People use transit and walking more in the US because transit and walking are much better-supported than biking in every major metro. Protected bike lanes are a rarity even now in supposedly bike-friendly cities; there's probably a thousand times as many miles of sidewalk as there are miles of protected bike lanes. And no, you don't need to have a Dutch geography or climate to have lots of people biking. You just need to have the right support:



http://wintercyclingblog.org/2014/10/17/oulu-finland-winter-cycling-capital-of-the-world/

Except that dollar for dollar, investments in biking result in a much larger share of people biking than investments in transit result in people taking the bus or train. But it doesn't have to be a competition. Granted, I've only been in each city for a few days, but Munich's rail network made Boston's look like babby's first transit project. So it must have, like, zero cyclists, right? Nope, mode share of 17%, the highest of any major city in Germany, more than twice as high as Portland.

Again, my major point here isn't that biking is somehow superior to transit. I'm fine with huge investments into good transit networks. Those are very important. I'll be speaking in favor of a BRT line that's proposed for El Camino in the South Bay once the VTA starts having public hearings on it. My point is that biking serves a very useful role as a flexible & healthy transportation option that's cheap for the government and cheap for the user.

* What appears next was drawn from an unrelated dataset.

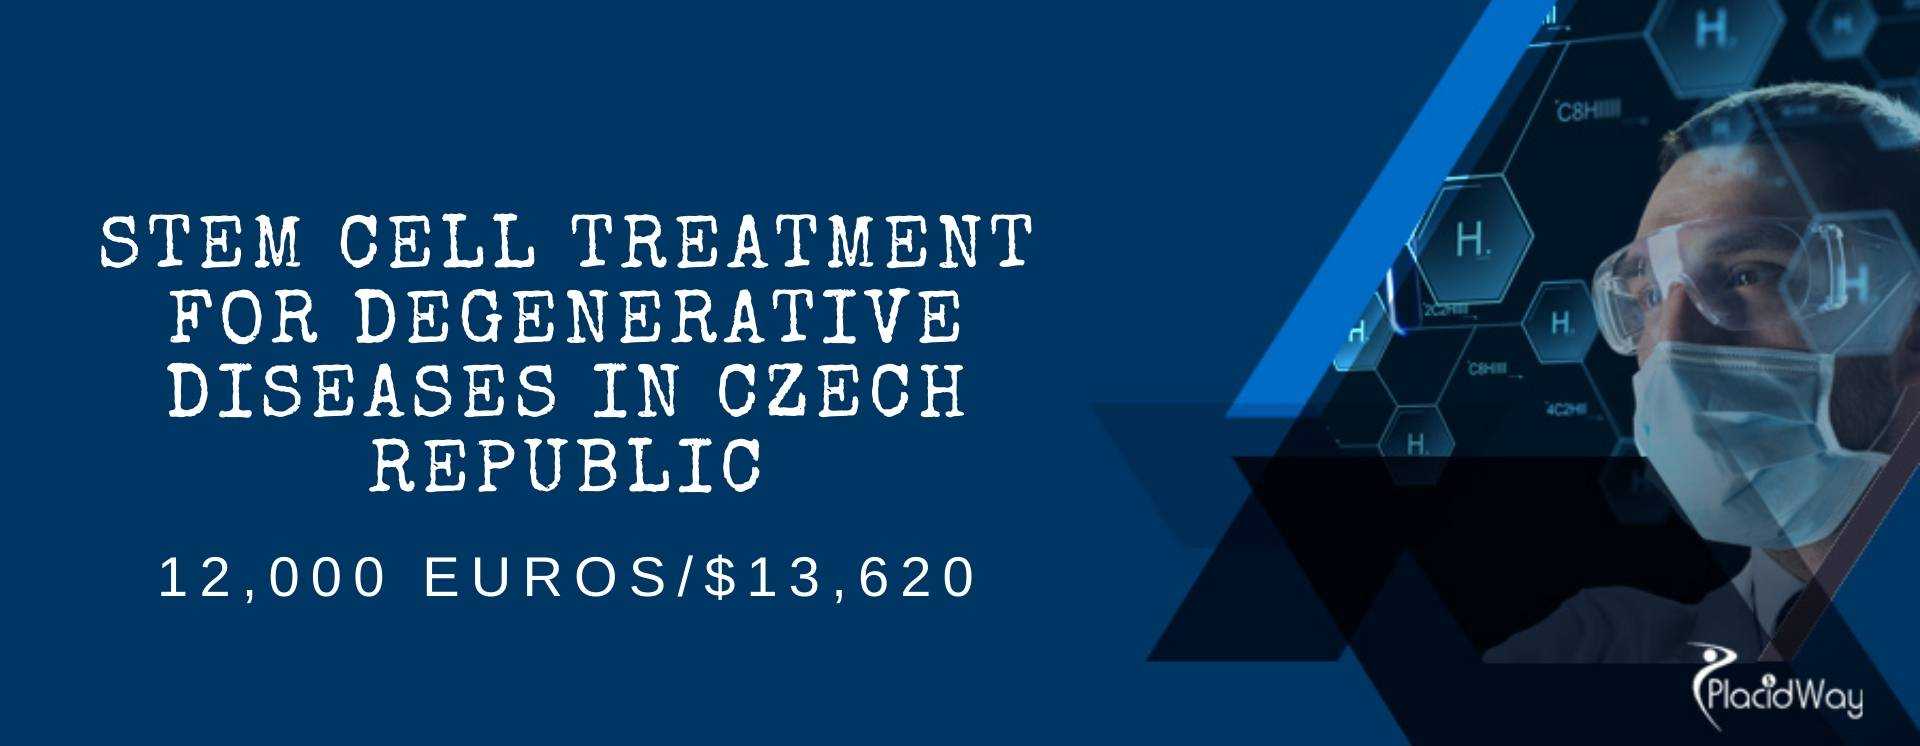 Stem Cell Treatment for Degenerative Diseases in Czech Republic

Hilly areas are all around many major metros that don't otherwise have other issues that make biking a hassle, like long periods of high heat or deep cold. There are tons of reasons that biking becomes unpleasant, I'm focusing on the hill aspect for Portland because it's the biggest issue, especially for people from the suburbs.

Buddy it's going to be terrible in most cities regardless of anything else, due to the conditions on the ground. You can make the entire city covered with bike lanes and trails but if it's still cold as hell or other such issues for large portions of the year then bike usage quickly becomes a part time thing, and by becoming a part time thing it loses share significantly.

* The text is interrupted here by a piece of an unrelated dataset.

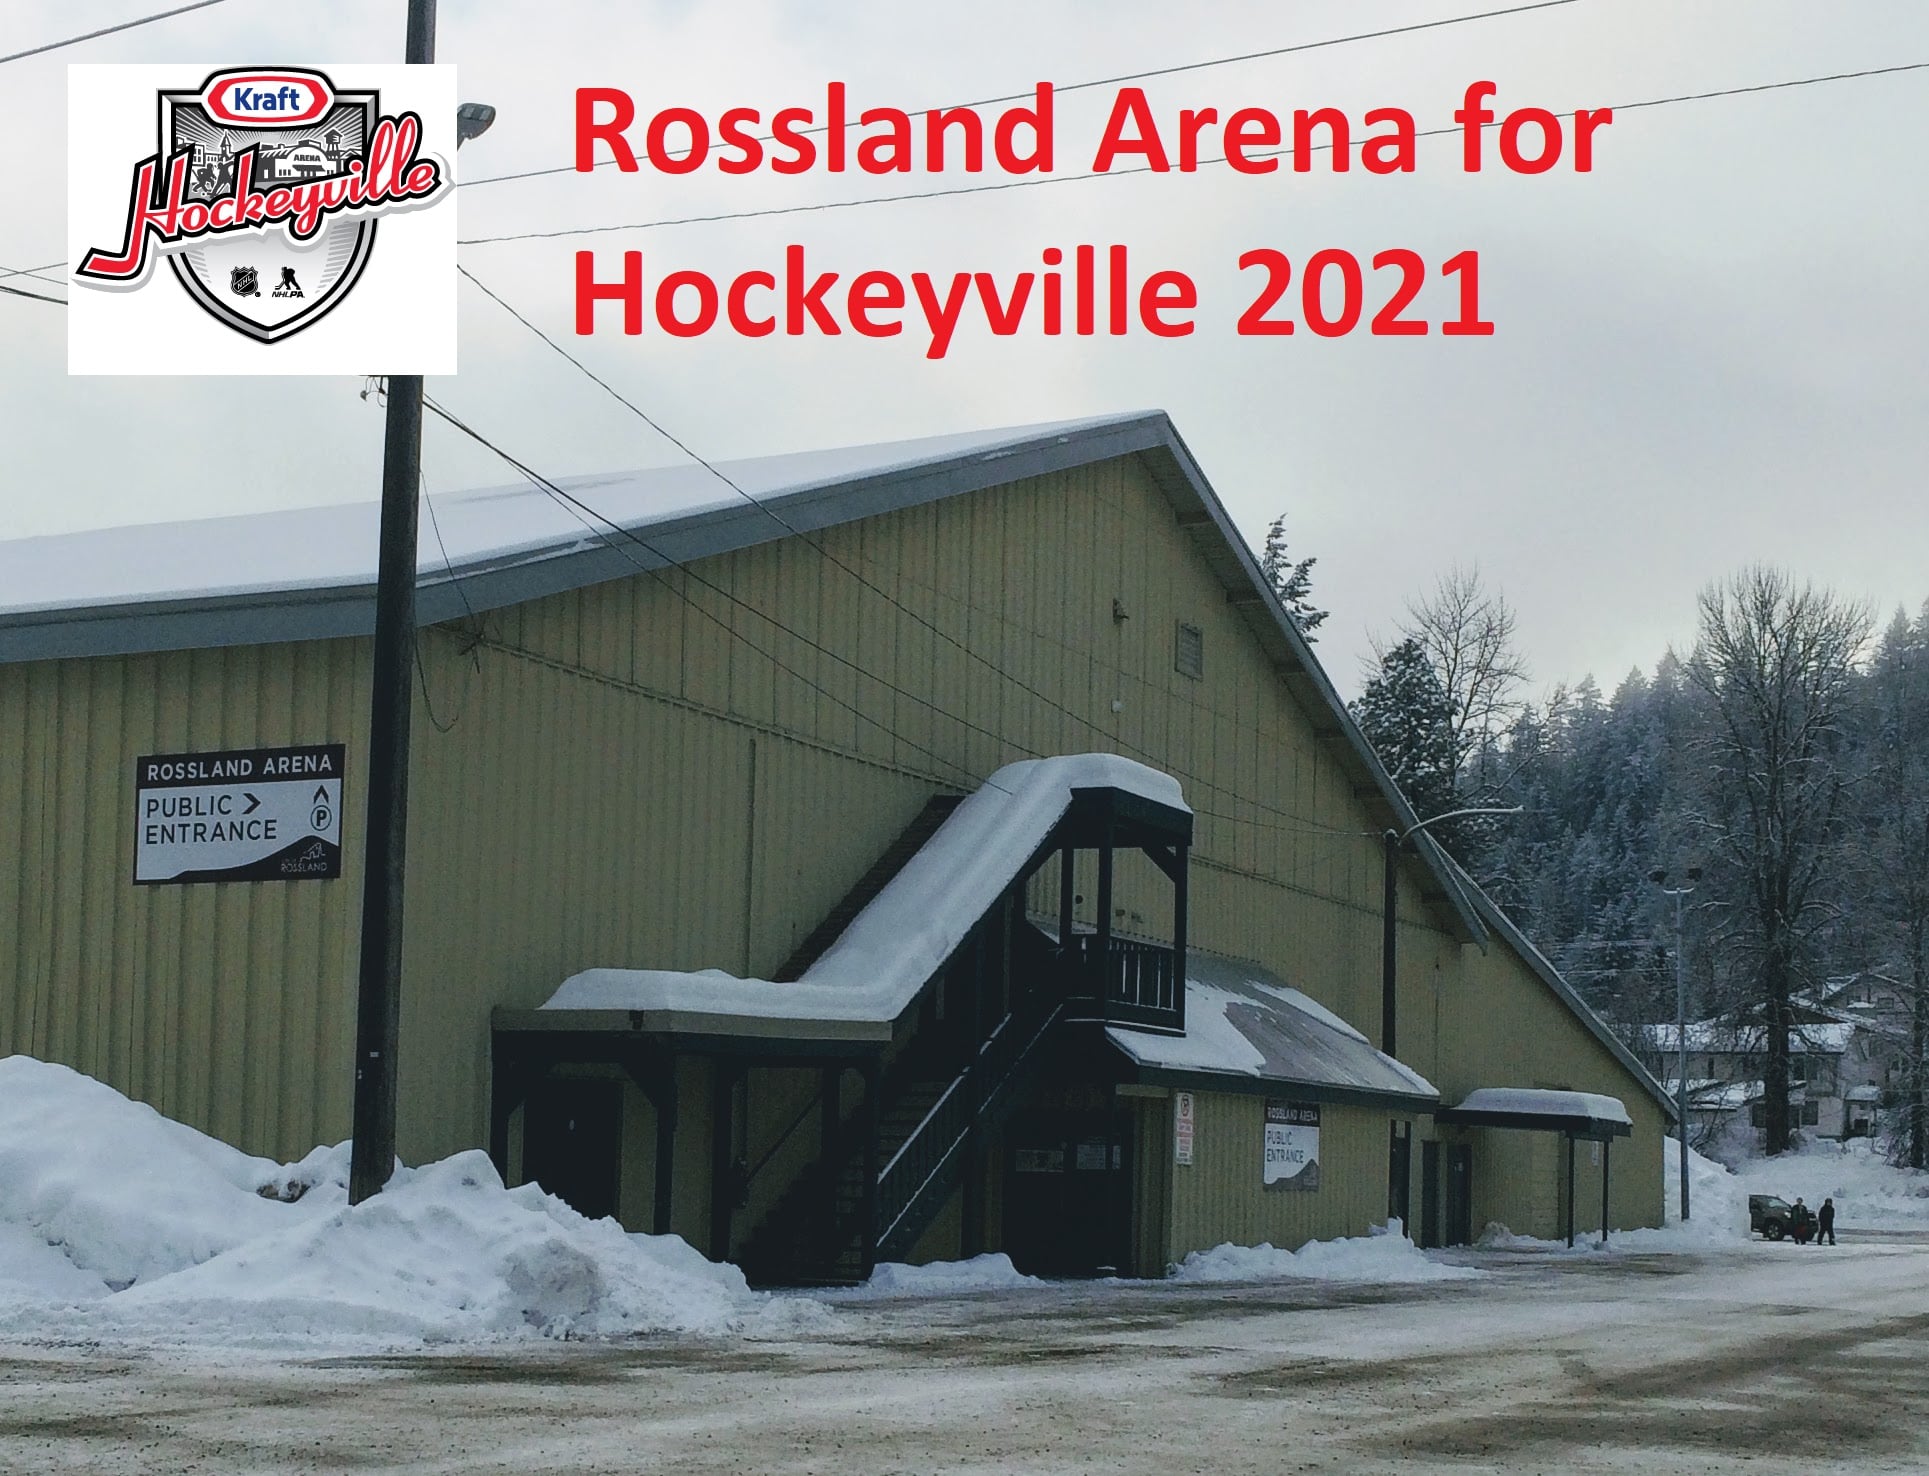 Rossland Arena Nominated For Kraft Hockeyville 2021 – Help is Needed

Most typically, your transit system has its gaps in the outlying areas, rather than in the "inbound zone" where people are traveling to. And those outlying areas are typically the suburbs and outer reaches of the city, so working on bike lanes in the core doesn't do much of anything.

But as you should have noticed, people are far more willing to walk a little and then stand or sit on public transit then they are to bike the whole way. It's simply far less effort, and transit+walking being less effort is why 6 years ago the NYC bike modal share was 0.6% (and these days I think it's up to 2%?). People will choose the least effort path.

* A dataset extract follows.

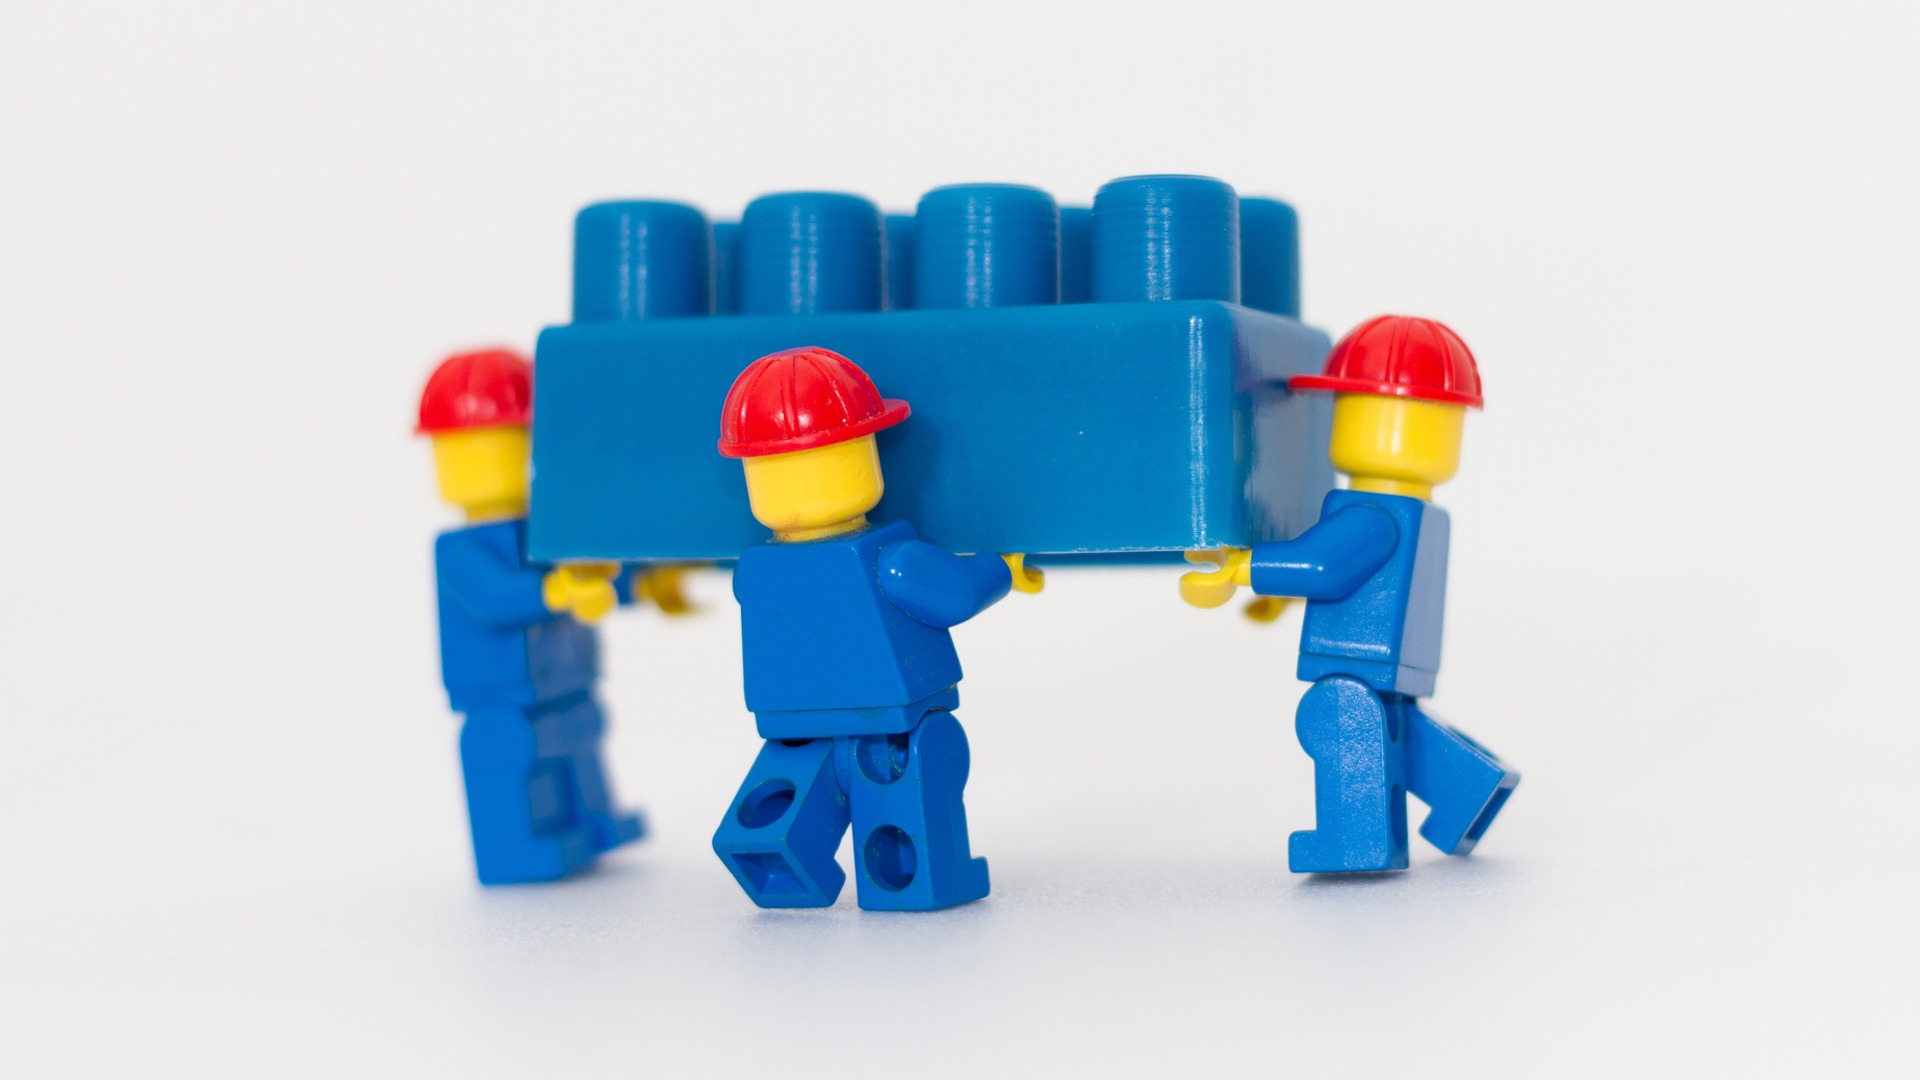 Lego builders

If we place SF and Seattle in second tier (and honestly, LA could make that tier if they keep on the transit expansion), Philadelphia, Baltimore, DC, Chicago, Boston, NYC, and the suburbs around all of them except Baltimore count as first tier.

Buddy the fact that some small minority of commuters enjoy biking in no way implys that if we ended up with a 20% share there'd be all of them enjoying it.

People also use transit and walking because even if you had a perfect bike route, it's still far more effort to bike that route than it is to do a little walking and then sit or stand for a while. I already mentioned this but ti's still true.

Look, you're fooling yourself if you think just dumping money into bike infrastructure is ever going to get any American big city to the biking levels of Dutch cities. Sure tossing a few bucks in is good to get you to 9% or whatever, but you'd have to do some pretty wild things to get that to 20% let alone 40% or 50%. Like mass redevelopment and re-situation of population and businesses.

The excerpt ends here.